Sitnikov had been asking himself the same question for weeks. He made his answer honestly.

"On a purely technical level your men have done well, especially with the heavy vehicles. My instructors say that they have learned to drive, shoot, and maintain better and faster than a typical group of Volgan recruits would have. This is unsurprising, to a degree, since both the Civil Force and the new Legion have been able to be very selective in the recruits accepted. However, you have weaknesses in higher-level maintenance. Your NCO's seem as good, or probably, since they are regulars, better than average Volgans. However . . ."

"However?" Carrera prodded.

"However," Sitnikov continued, "I cannot say as much for all of your officers. You have some very good ones, to be sure. Tribune Jimenez, in particular, would be a credit to anyone's army. There are others. Would you like to see what my instructors have to say about the legion's leadership?"

At Carrera's nod Sitnikov turned over a list of the
Legio del Cid's
commissioned leadership, tactfully without including any of Carrera's hand-picked old friends. Comments were written beside each man's name. Most were in blue, and terse. Carrera quickly gathered that these the Volgans considered good enough. Others, the best, were in black. Jimenez's name appeared in this way. About twenty names were in red. The Volgans viewed these very unfavorably. Carrera noted that Manuel Rocaberti was on that list before he passed the sheets to Parilla without comment.

Parilla noted it too. "We can't dump Tribune Rocaberti, Patricio. Too well connected, he and his family. He's the president's nephew, after all. And the president
must
have his spy in our ranks. At least with Manuel, we know
who
the spy is."

"Ummm," Carrera answered doubtfully. "Sitnikov, this about matches my own assessment. Which is why I called you here today. We have a shortage of effective, combat capable officers. I would like to make up some of that shortage from you. Also some of the maintenance deficiency. What do you say?"

Sitnikov sat silent for a long minute. When he answered, it was a deliberate, measured response. "Some of my men, maybe even more than half, would probably like to stay.
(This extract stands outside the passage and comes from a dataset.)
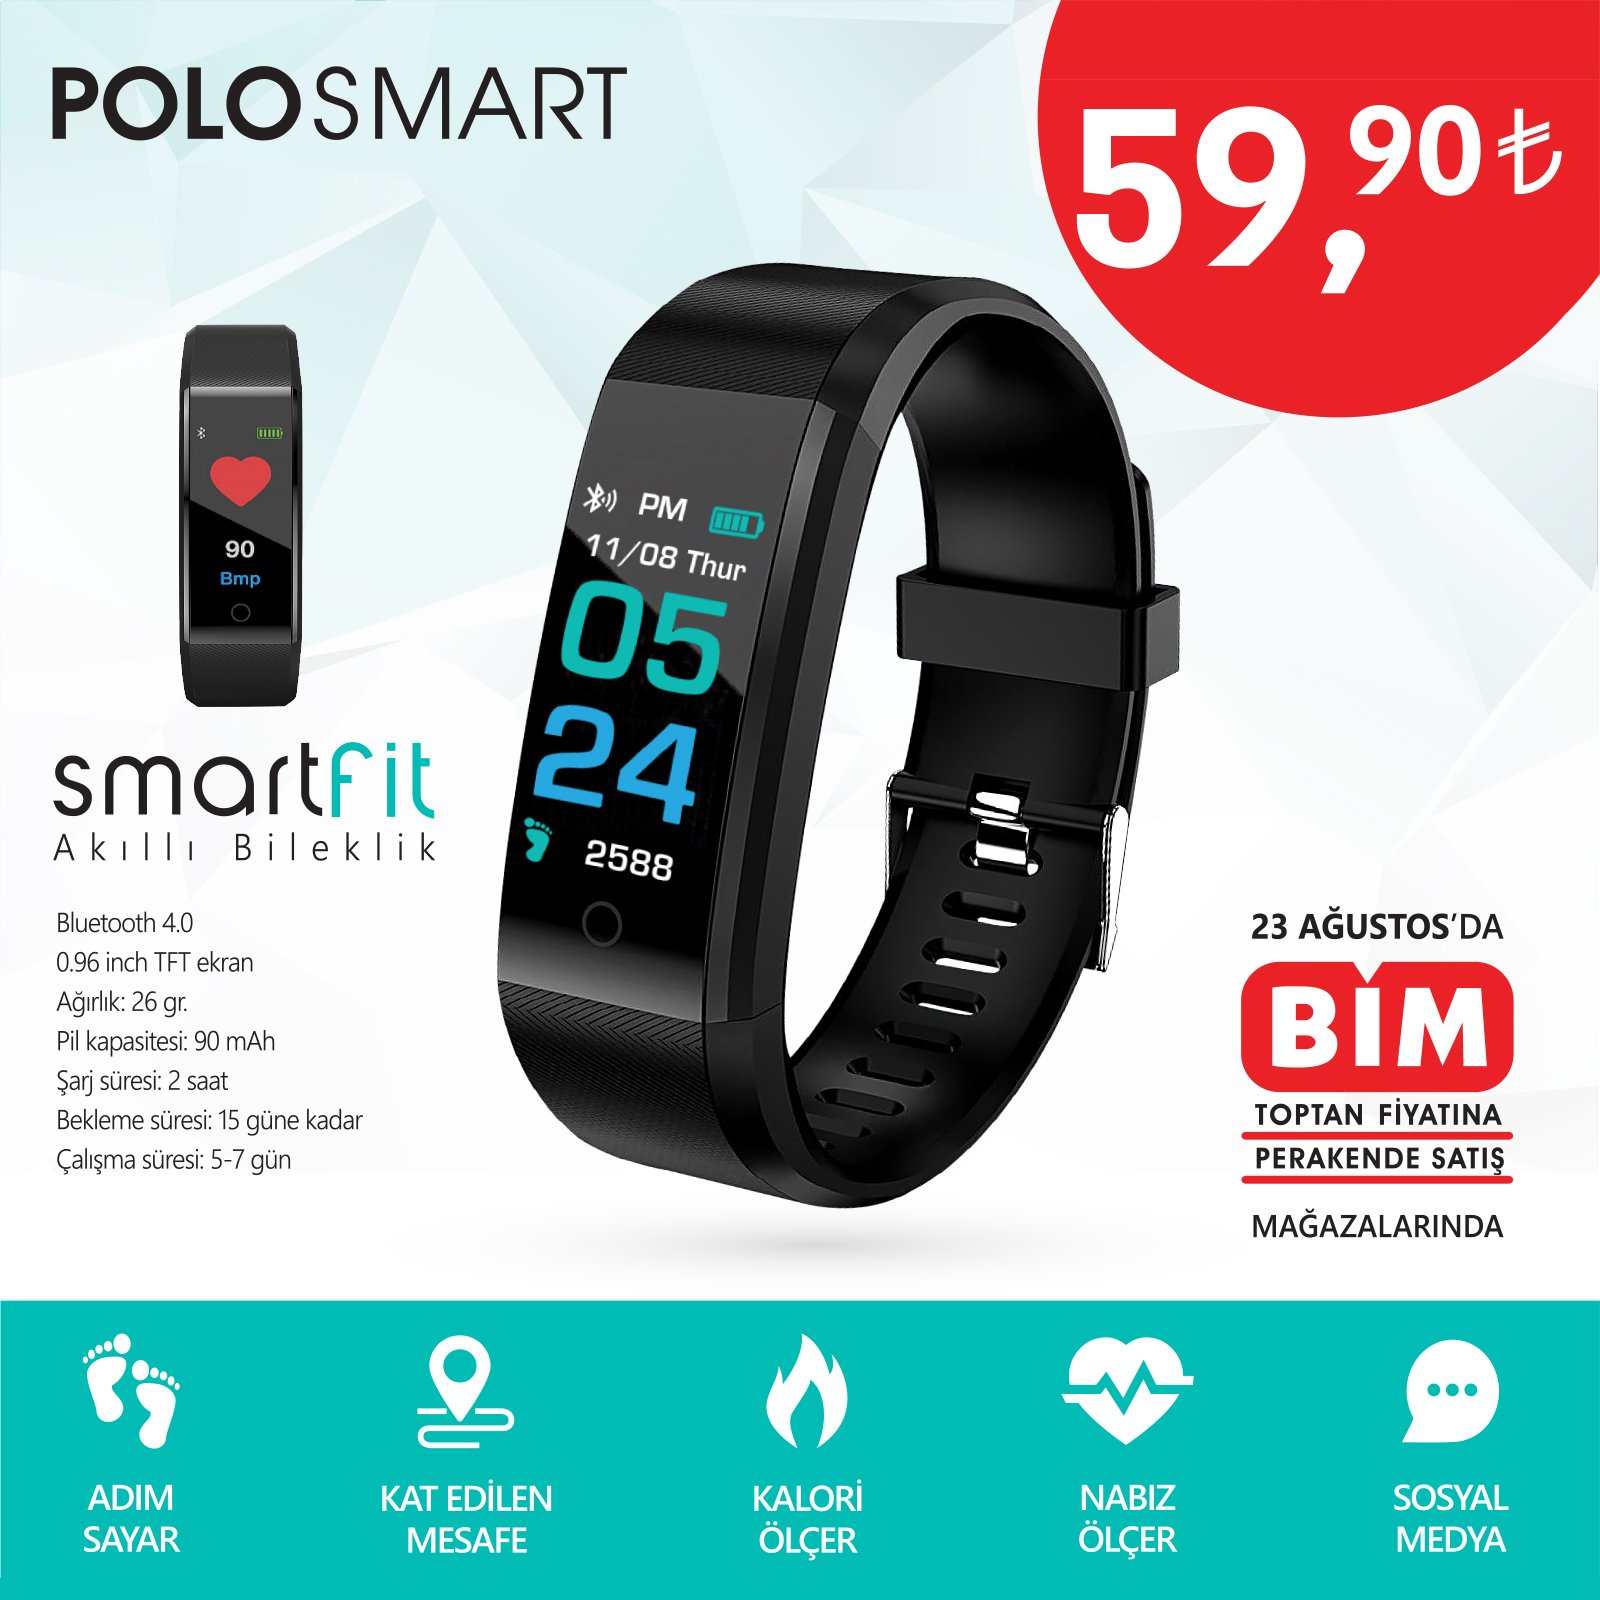 Polosmart on X: "Polosmart - Smartfit Akıllı Bileklik, 23 Haziran Cuma  gününden sonra tüm BİM mağazalarında. Üstelik yalnızca 59,9 TL. Fırsatı  Kaçırma ! #bim #kampanya #fırsat #gününfırsatı #akıllısaat #smartband  #smartwrist #spor #fitness #

Many have found girlfriends. Two, to my certain knowledge, are planning on getting married. I do not know how my government would react to that, however. If they say no, the idea of being stateless does not appeal."

Carrera looked to Parilla. Parilla gave a nonverbal assent, a shallow nod.

"What if you men could become citizens of Balboa, Aleksandr, with jobs and ranks in the LdC roughly commensurate with—okay, maybe a
bit
below—their current ranks in the Volgan Army? Would that sway them, do you think?"

"Some of them have wives, children. They would not leave them behind . . . well . . . most of them wouldn't."

"Do you think the current regime would let the men's families emigrate?" Carrera asked.

Sitnikov couldn't know for sure, but thought it likely. He reminded Carrera that not all of the Volgans were, themselves, first class military material. He had been forced to take some marginal characters, men whose only real qualification was linguistic, to meet the numerical requirements of the training mission.

"Yes, I know," answered Carrera. "I wasn't planning on keeping all of you. Moreover, while I can offer you pay and rank, I must insist that Balboans and my own people fill all combatant command positions. Most of your men will be on staff or in support. Some may be serving in positions either below their grade or below their ability."

Sitnikov laughed. "That, Legate, is no problem. It would help, though, if you could hold out a promise of equal opportunity to command once we've been citizens for a few years."

"I can do that," Carrera agreed readily. "Now find out who will stay and who will go at the end of the training period. Get me a list as soon as you can . . . say, by the end of the week. I expect you to weed out the trash yourself. Give it directly to me as the sergeant major and Tribune Kennison are going over to al Jahara to look things over."

At that moment Carrera spied his slender secretary through a door.
Jesus, what a nice rear end.
He called, "Lourdes, have you finished making the flight arrangements for Carl and the sergeant major?"